İkinci Meselesinde ise: “Ahirzamanın dehşetli bir şahsı, sabah kalkar; alnında هَذَا كَافِرٌ yazılmış bulunur. Allahu a’lem bissavab bunun bir tevili şudur ki: O Süfyan, kendi başına Frenklerin serpuşunu koyup herkese de giydirir. Fakat, cebr-i kanun ile tamim ettiğinden o serpuş dahi secdeye gittiği için inşaallah ihtida eder. Herkes _yalnız istemeyerek_ bunu giymekle kâfir olmaz.” denilmektedir.
Dördüncü Meselesinde: “Rivayette vardır ki: ‘Ahirzamanda Allah Allah diyecek kalmaz.’ 1 ﻻَيَعْلَمُ الْغَىْبَ اِﻻَّ اللّٰهُ bunun bir tevili şu olmak gerektir ki: Allah, Allah deyip zikreden tekyeler, zikirhaneler, medreseler kapanacak ve ezan ve kamet gibi şeairde, ismullah yerine başka isim konulacak.” denilmektedir.
Yedinci Mesele: “Rivayette vardır ki: ‘Süfyan büyük bir âlim olacak. İlmi ile dalâlete düşer. Ve çok âlimler ona tabi olacaklar’ الْعِلْمُ عِنْدَ اللَّهِ bunun bir tevili şudur ki: Başka padişahlar gibi; –ya kudret veya kabile ve aşiret veya cesaret ve servet gibi– vasıta-yı saltanat olmadığı halde, zekâvetiyle ve fenniyle ve siyasî ilmiyle o mevkii kazanır ve aklı ile çok âlimlerin akıllarını teshir eder; etrafında fetvacı yapar. Ve çok muallimleri kendine taraftar eder. Ve din derslerinden tecerrüd eden maarifi rehber edip tamime şiddetle çalışır.” denilmektedir.

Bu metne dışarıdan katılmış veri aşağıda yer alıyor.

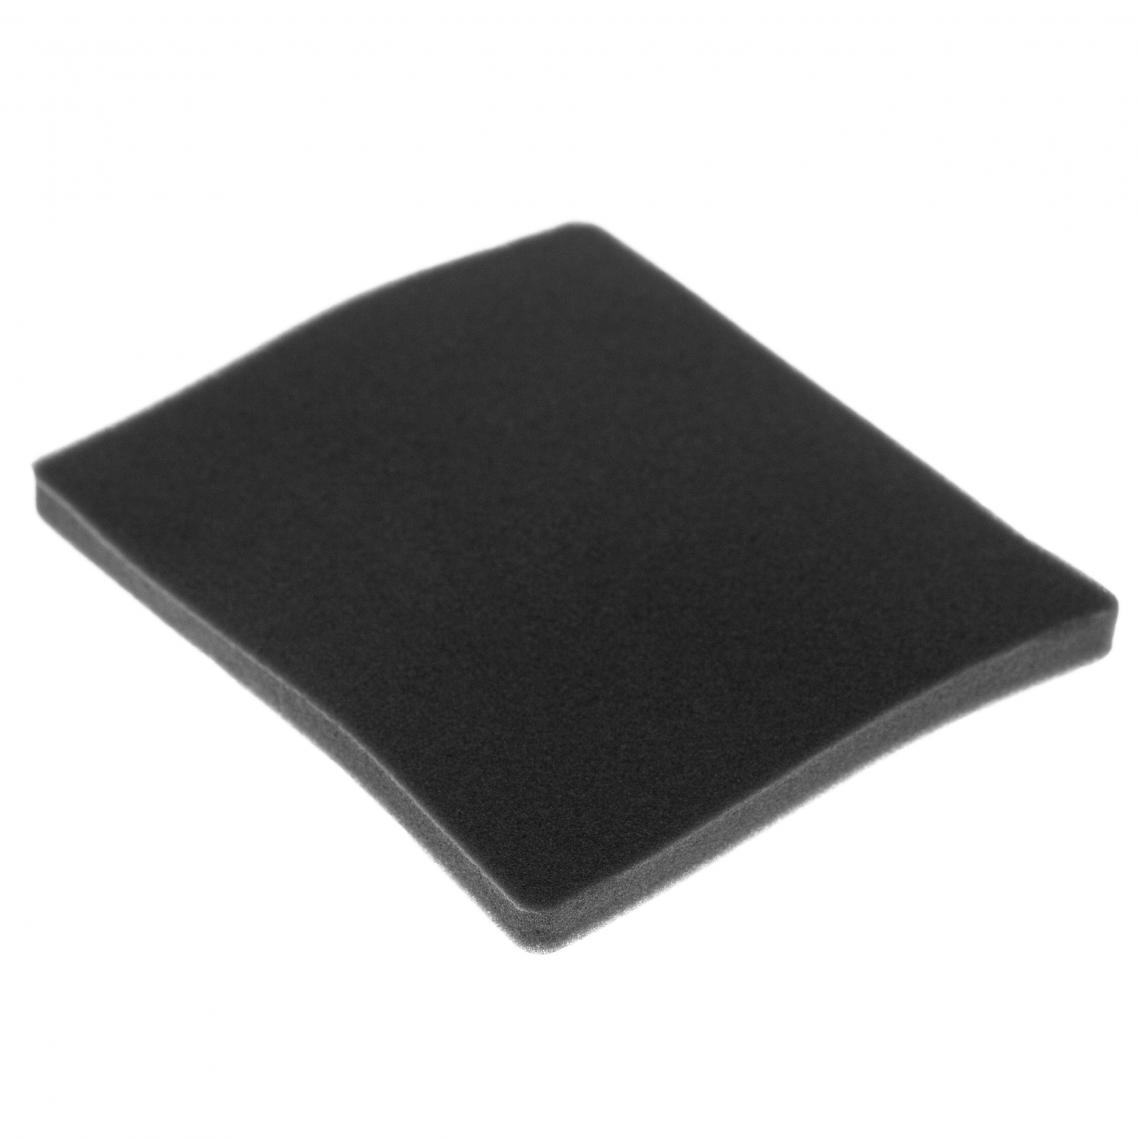 Vhbw - vhbw Filtre compatible avec Electrolux ZCX6201 (910286609) aspirateur - filtre de sortie d'air (filtre éponge), noir - Accessoire entretien des sols
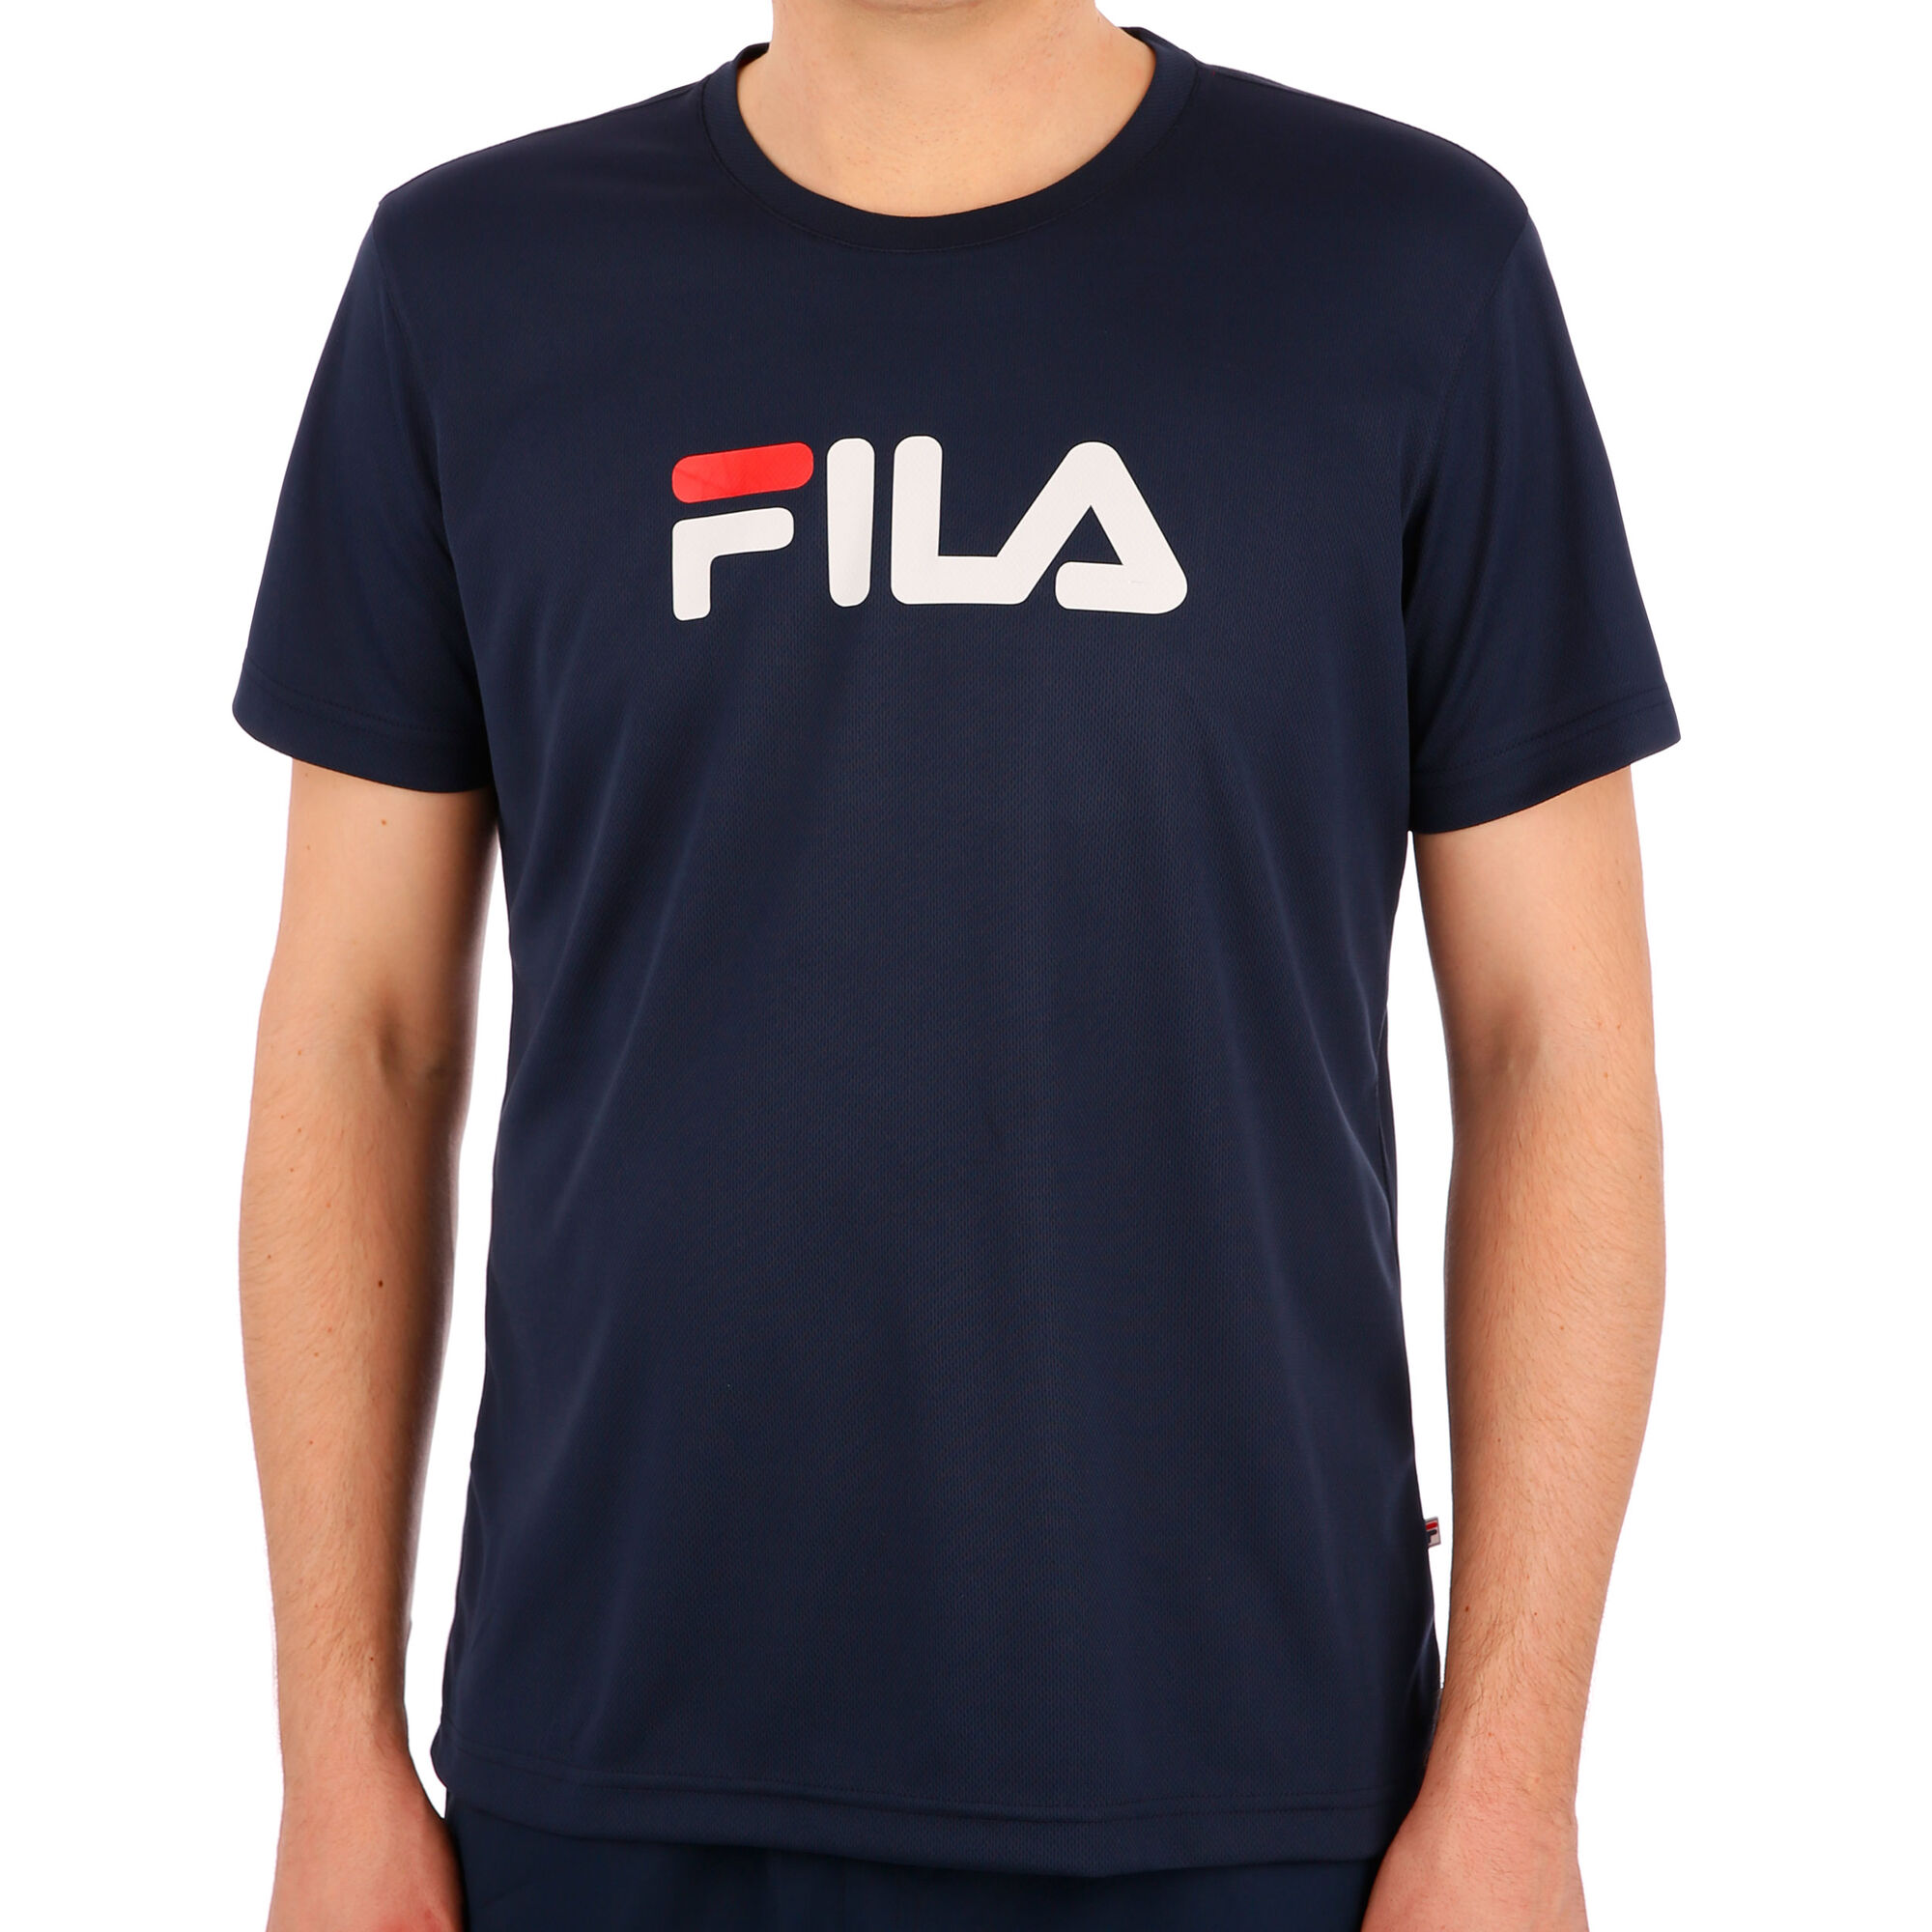 buy Fila Logo T-Shirt Men - Dark Blue, White online Tennis-Point

Yirmi Meselenin tetimmesi olarak yazılan üç meselenin birincisi: “Rivayetlerde, Hazret-i İsa'ya (a.s.) Mesih namı verildiği gibi; her iki Deccala dahi mesih namı verilmiş. Ve bütün rivayetlerde
مِنْ فِتْنَةِ الْمَسِيحِ الدَّجَّالِ مِنْ فِتْنَةِ الْمَسِيحِ الدَّجَّالِ
denilmiş, bunun hikmet ve tevili nedir?”